Елена Глебовна выпила залпом, стала поспешно заедать куском копченой колбасы, невесть откуда очутившимся у нее в руке. Изнутри, как водится, потеплело. Оттого, что поезд покачивало чуть-чуть, чуть-чуть, но побольше, запокачивало Елену Глебовну. Уже знала, ждала: голове вот-вот легко сейчас будет, а ногам тяжело, невмочь – ни бежать, ни идти, ни стоять – прикорнуть бы.

Леонид-помощник пропал с глаз долой.

Леонид-за-Старшего кроссворд доотгадывал.

– Пьеса Островского из трех букв.

– «Лес», – ответила Елена Глебовна.

– А ты говорил «Нос»!

– Это ты «Нос» говорил, – откуда-то издалека подал голос Леонид-помощник.

– Что вы, «Нос»… «Нос» – другое…

– Вот не знаете вы: отглагольное существительное в латинском и некоторых других языках.

– В английском, например.

– Как?

– Герундий.

– Ничего себе! – поразился Леонид-за-Старшего.

– С герундием, между прочим, – сказала Елена Глебовна, – ерунда связана. Когда в девятнадцатом веке… ой, ой, запьянела… когда вводили в девятнадцатом веке латыни преподавание, нигилистам это не нравилось, и они ерундой дразнили… от слова «герундий»… Правда, пьяная. Вы меня зачем напоили?

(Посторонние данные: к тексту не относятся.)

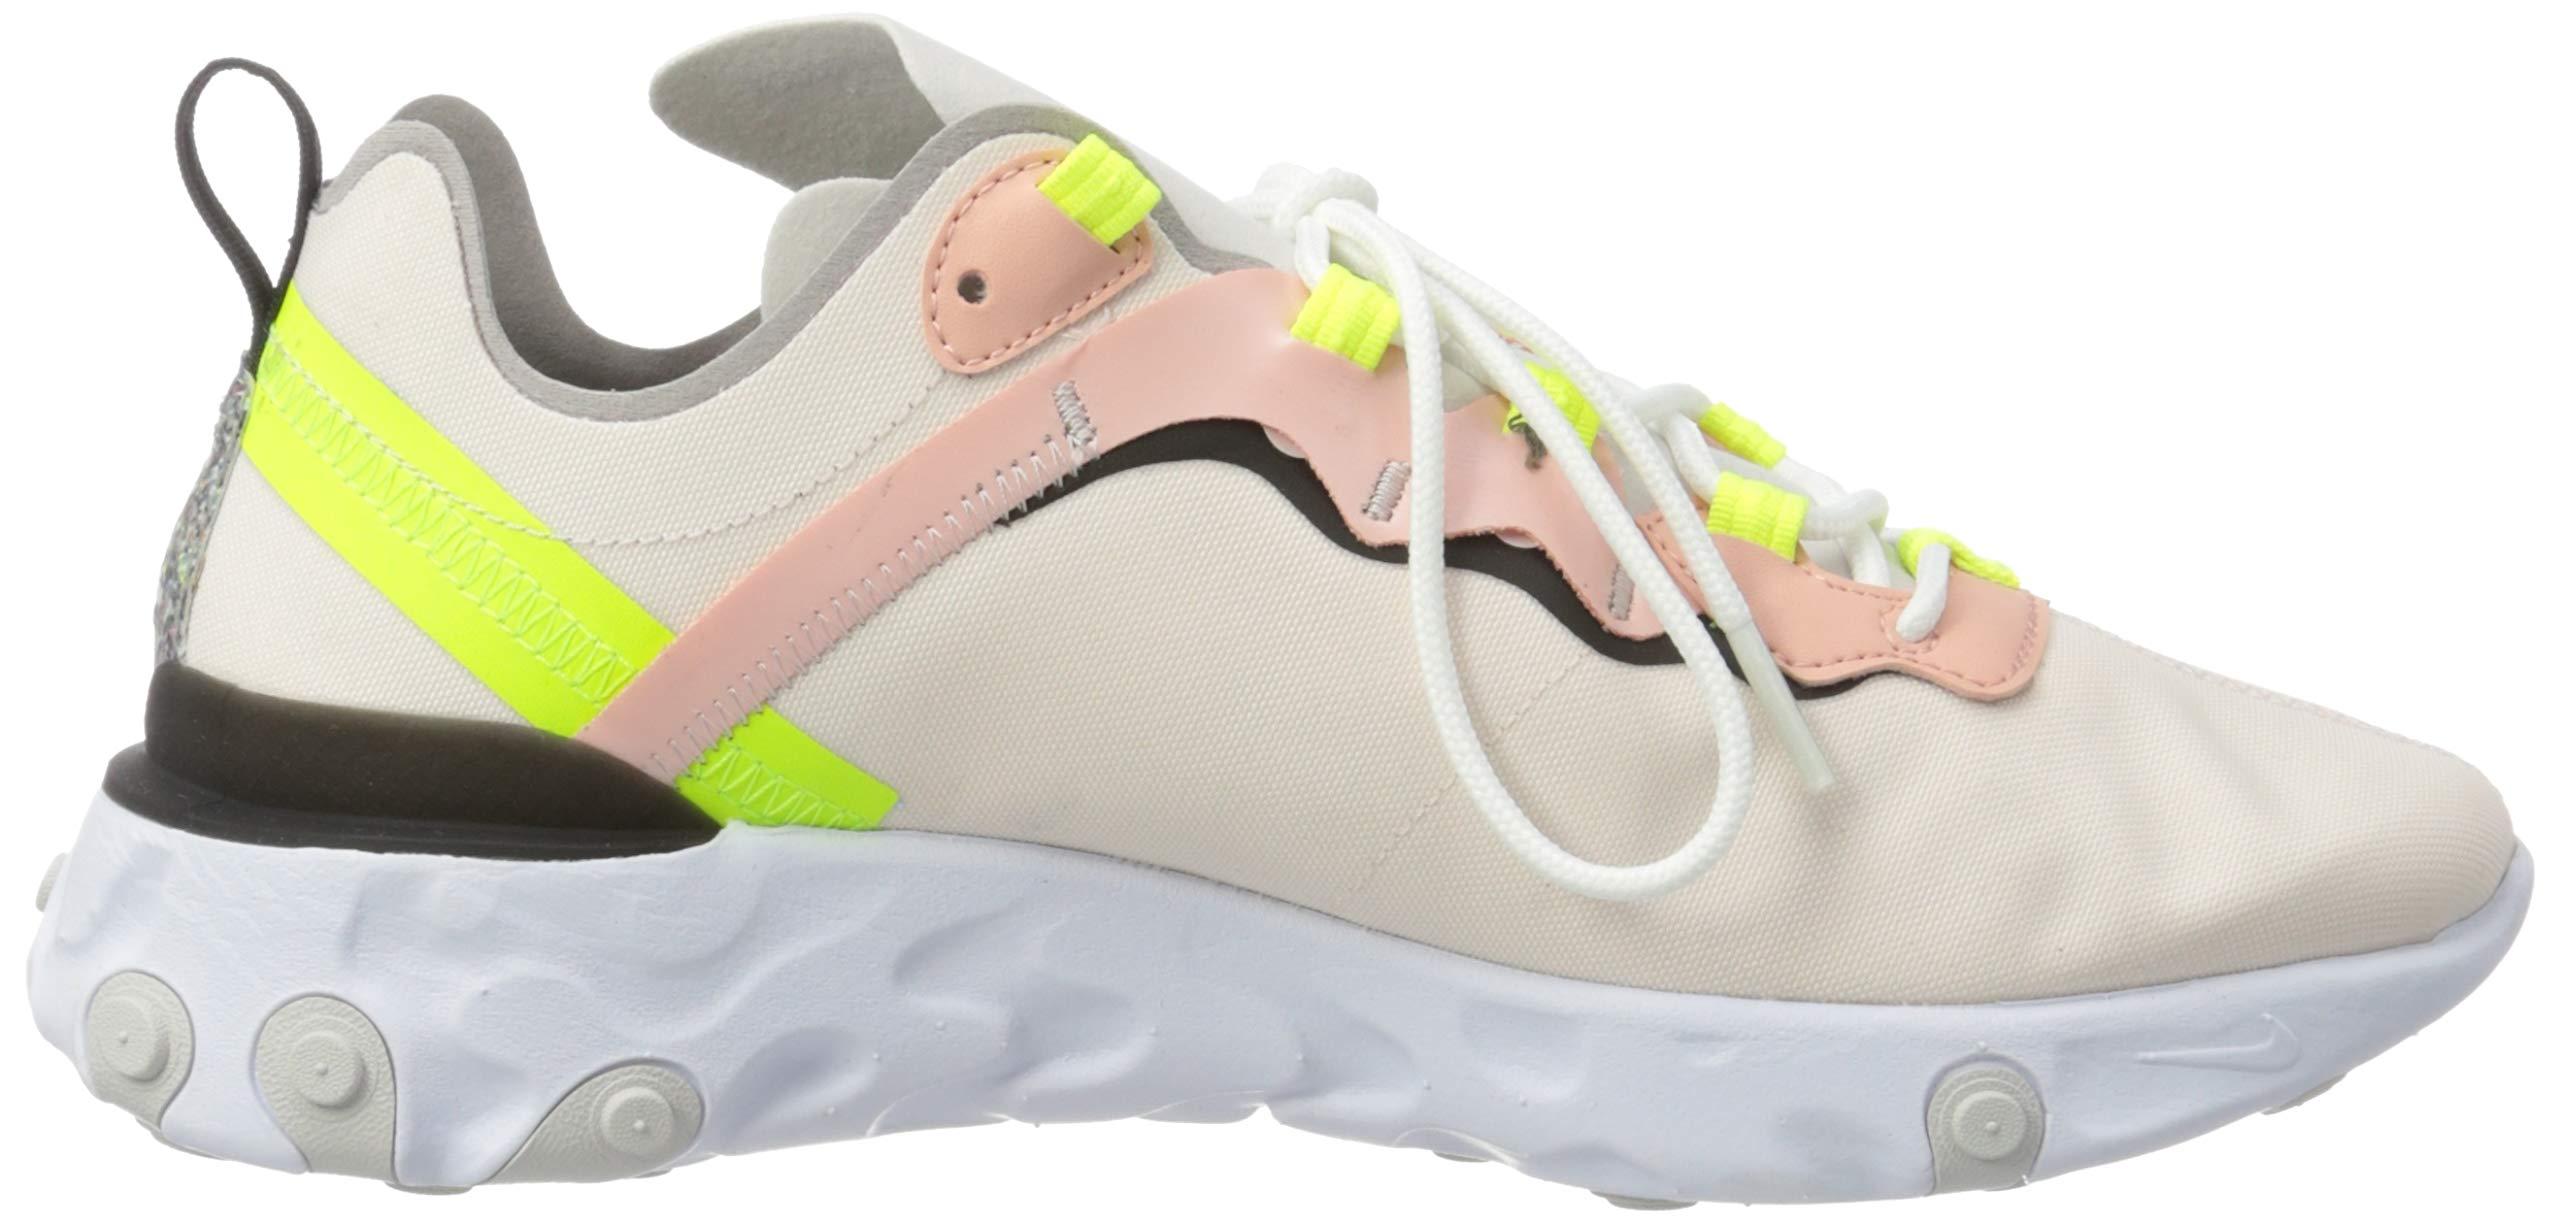 71pl6nmhfyL - Nike Women's W React Element 55 PRM Track & Field Shoes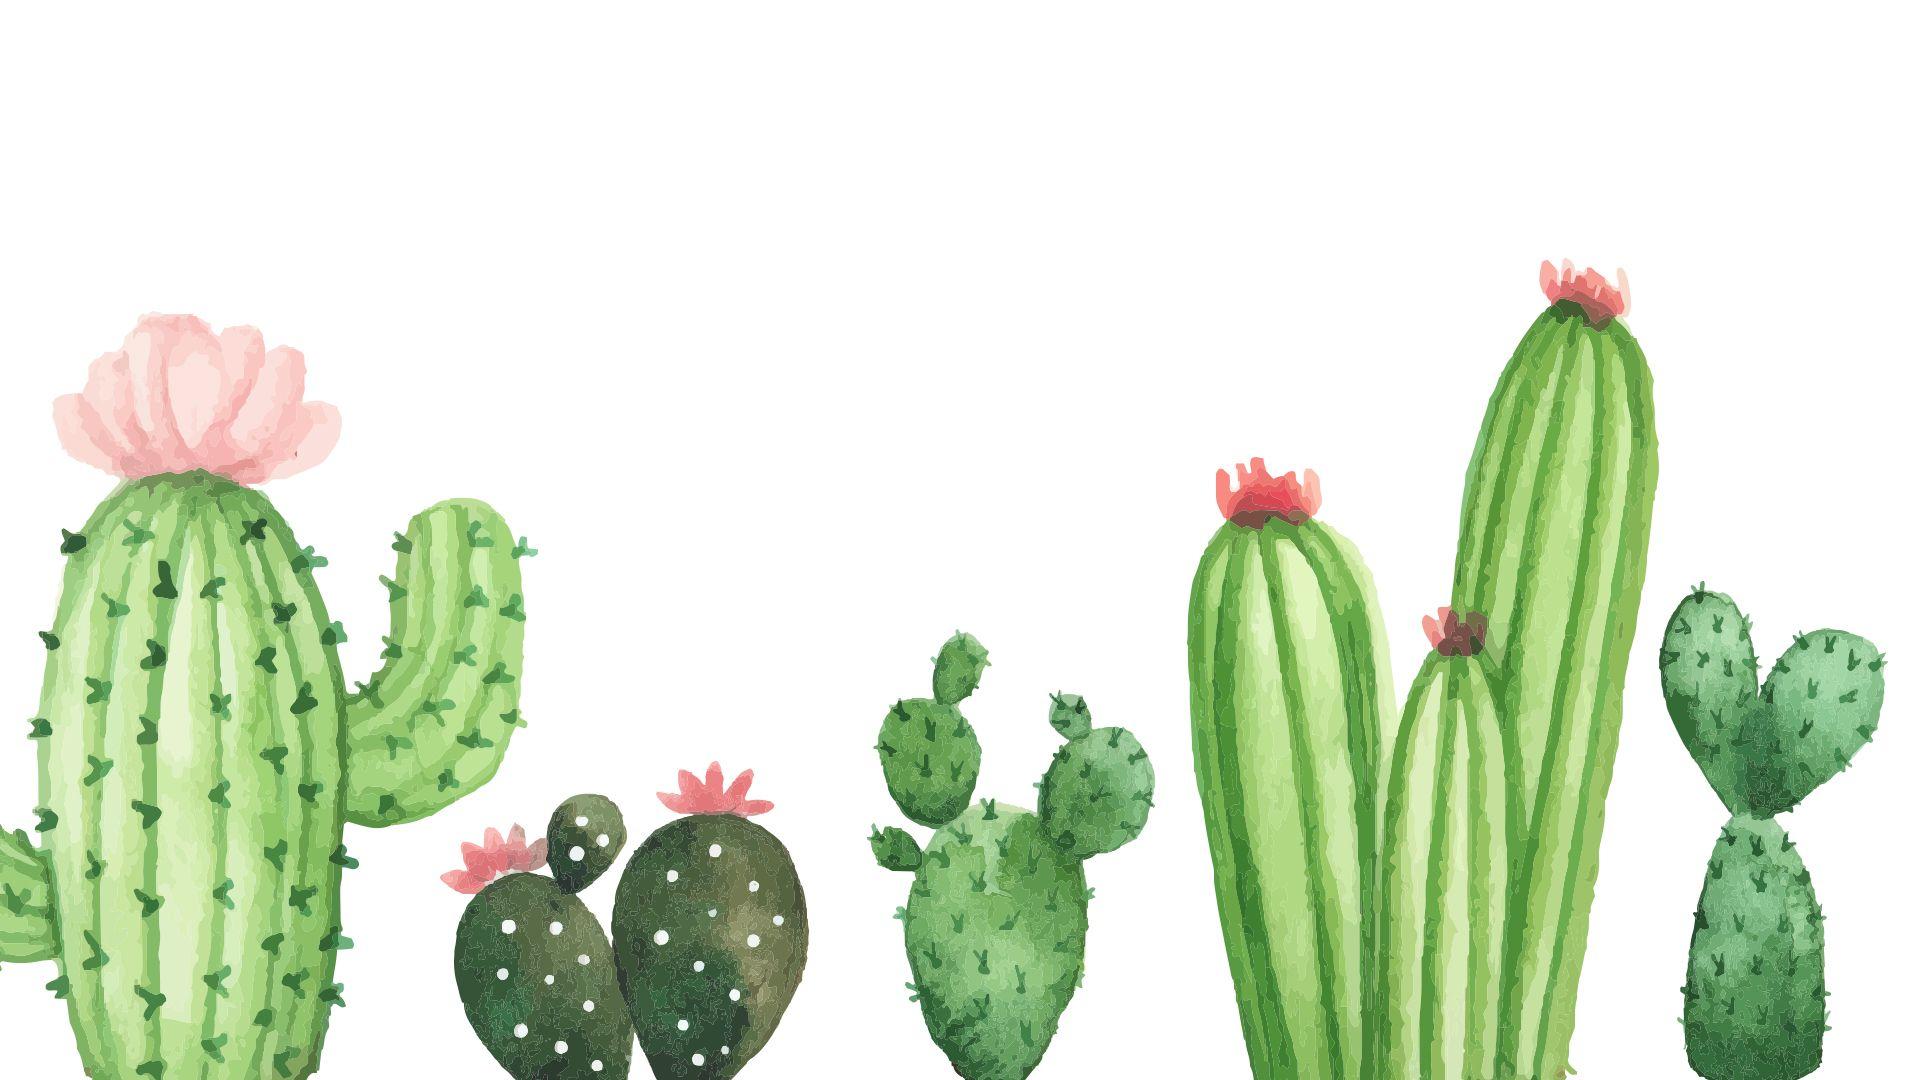 Cactus Wallpaper For Computer Watercolor Desktop Wallpaper Computer Wallpaper Desktop Wallpapers Plant Wallpaper

– А нам что, нас-то хоть к пассажирскому и то хлеб, на вокзалах стоим, нам еще хорошо, жить можно, а приятель есть у меня, к товарняку прицепляют, к товарному поезду их почтовый… это вы и представить себе не можете. Вот уж кто горемыки. За Урал они ездили и в Среднюю Азию. Загонят куда-нибудь на запасной путь, ексель-моксель, это ж не как у нас, не пассажирский, и стоят по несколько дней… без воды, без еды, до станции не дойти, магазина нет, степь кругом… лес… ущелье… пустыня… посылки тоже так не оставишь, ходят всякие, знаете как? Ночью урки придут, да кто хочешь, не урки, попробуй потом доказывай, объясняй, самого бы гляди не пырнули б… Вот работка! Забудут про тебя, так и будешь стоять. Это я понимаю.

Елена Глебовна когда глаза закрывала, перед ней возникали кресты и могилы, и лежал Алексей – ее, не ее, чужой, на себя не похожий, на себя, каким его знала, чужой – с вытянутым чужим лицом, как тогда у отца, особенно носом, как лежал он тогда, отец Алексея, в тот же год после свадьбы, незнакомый, не свой, непонятный, такой же, давно.

– Спите, спите, вы не стесняйтесь.

Елена Глебовна глазами хлопает – не спала две ночи.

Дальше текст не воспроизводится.